Imagine you are in a class and the teacher gives everyone a pencil and a sheet of paper. Now, you want to find out who has the shortest pencil. All students compare their pencils and turns out that there are several pencils that are of the same exact length, and those are the shortest ones at the same time. So, more than one student has the shortest pencil.

But it doesn't end there. Not all sets which define a "greater than" relationship are totally ordered. In such sets it's possible to have multiple different smallest elements. Trivially, in a set that's not ordered, every element is the smallest.

> What do you find difficult/wrong with pool executors?

Difficult? -- I don't know.

Wrong? -- Well, it's pretty worthless... does it make it wrong? -- That's up to you to decide.

The idea of threads is bad for many reasons: one in particular is of how exceptions in threads are handled. But this isn't unique to Python. Python just made a bad decision to use threads in the language that's supposed to be "safe". Python thread implementation craps its pants when dealing with many aspects of threads. For example, thread-local variables. Since threads are objects in Python, you'd expect local variables to be properties on those objects... well the mechanism to use them is just idiotic and nothing like you would expect.
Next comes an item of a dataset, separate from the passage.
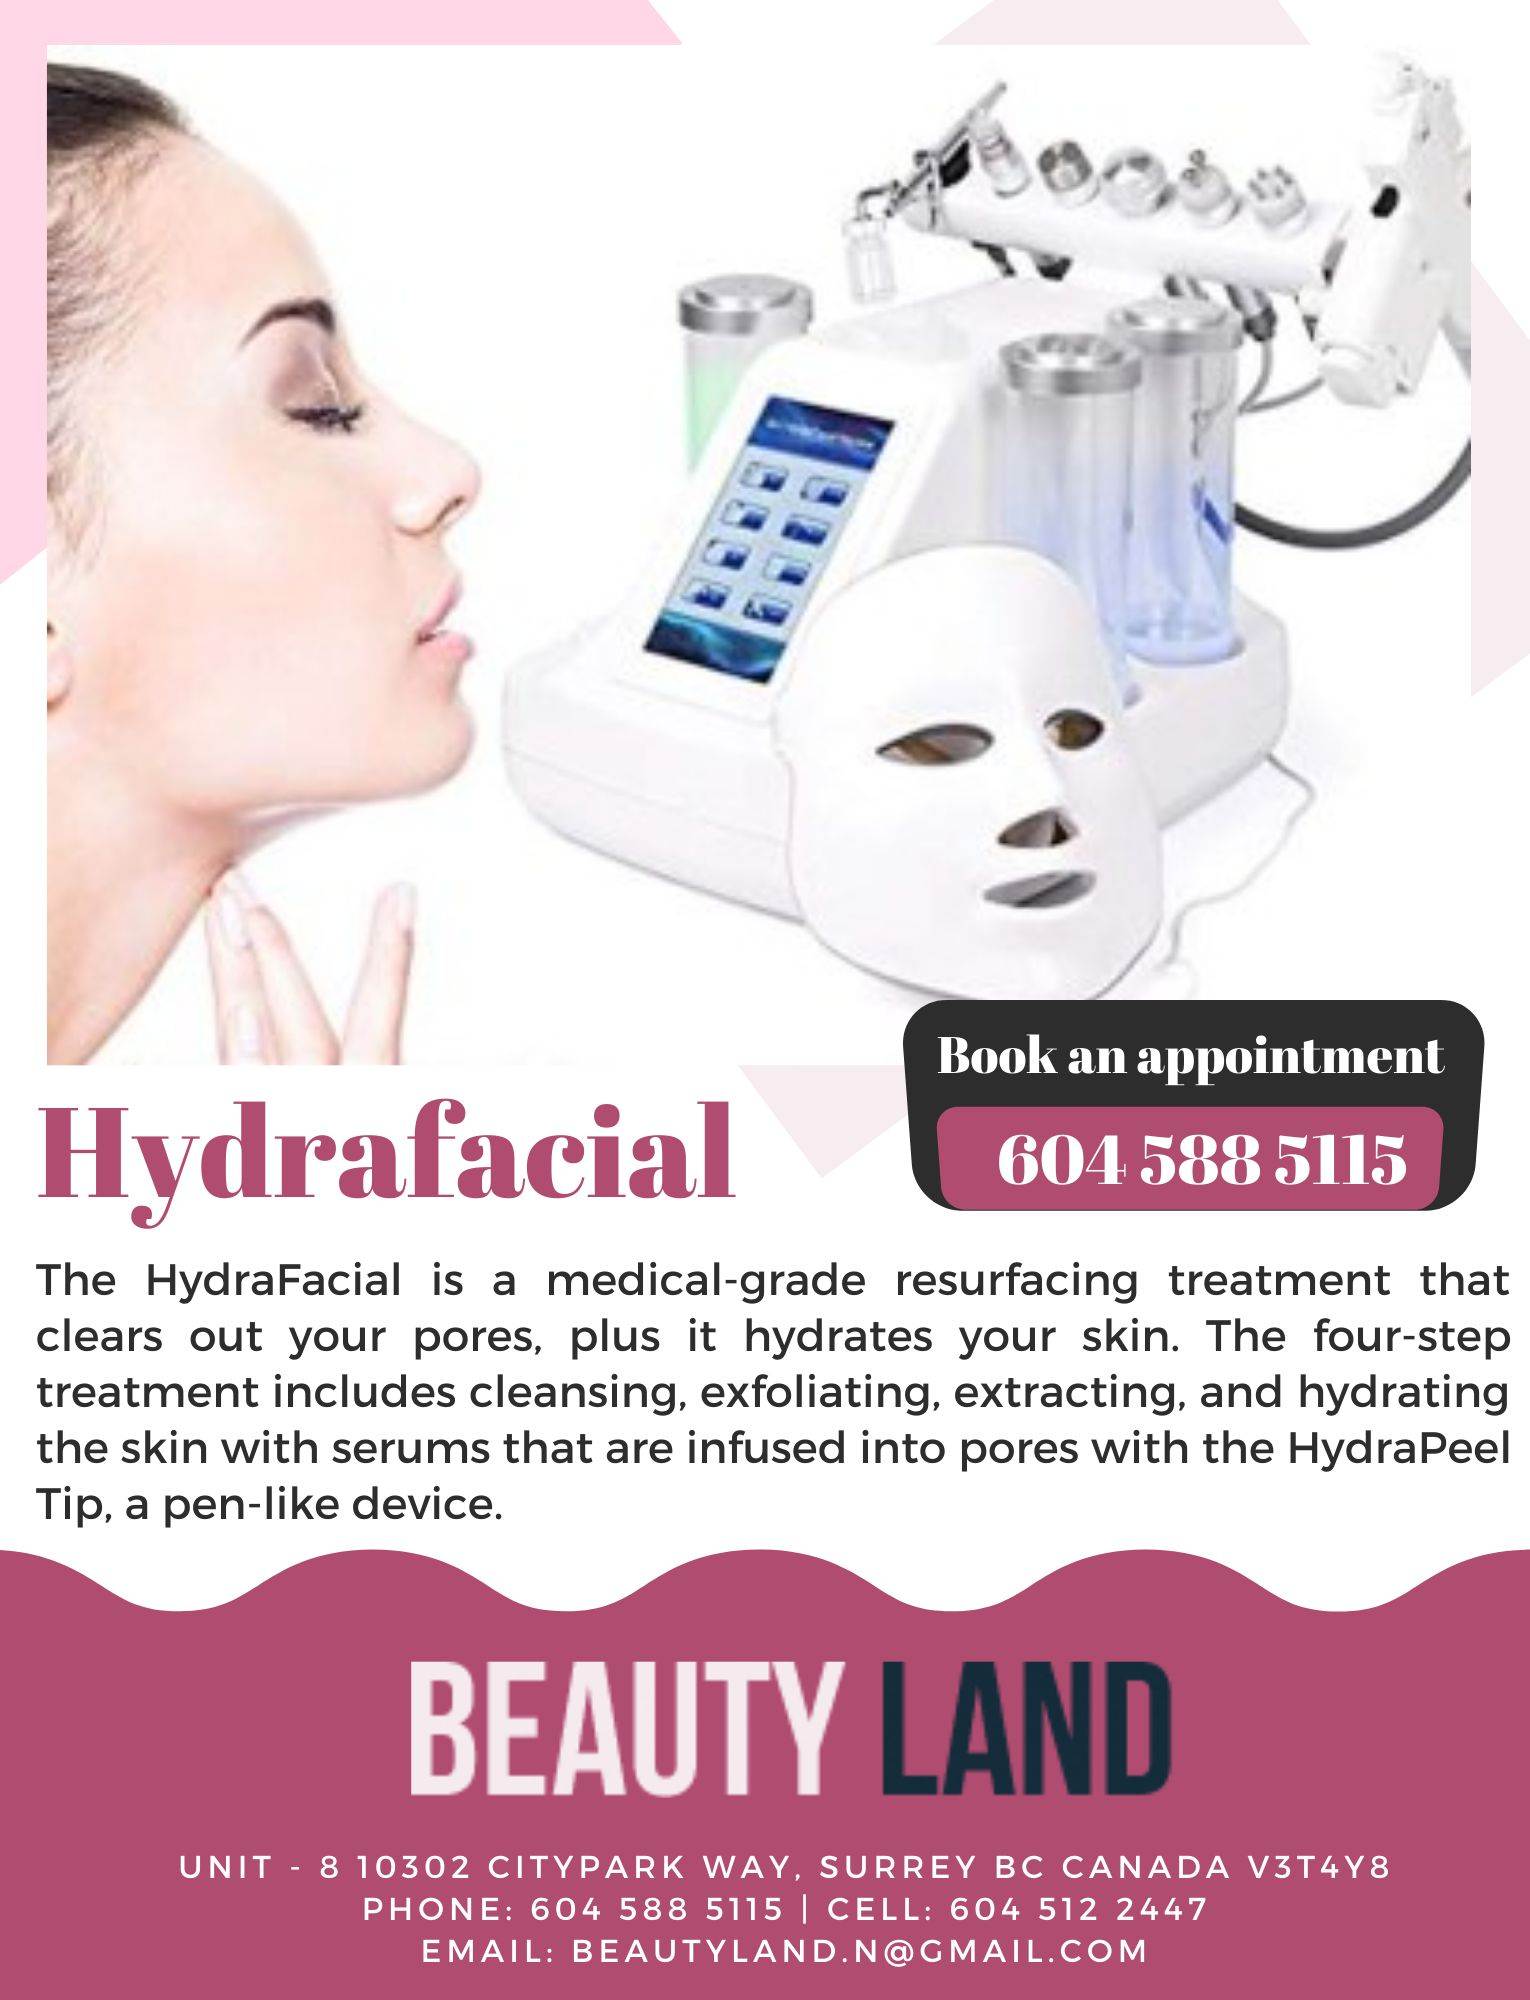 Hydra Facial Services at Beauty Land Salon in Surrey, BC

When it comes to interacting with "native" code from Python, you'd expect some interaction with Python's scheduler so that the native code can portion its own execution, allow Python to interrupt it etc. but there's nothing of the kind.

Even though we haven't even gotten to the pools yet, pools, obviously, don't address any of the thread-related problems. If anything, they only amplify them. Specifically, the pool from concurrent package is worse than its relative from multiprocessing package because it uses "futures". The whole idea of "futures" is somehow broken in Python because of the neverending bugs related to deadlocking. It's been repeatedly "fixed", but every now and then deadlocks still happen. Here's the latest one I know of: https://bugs.python.org/issue46464 .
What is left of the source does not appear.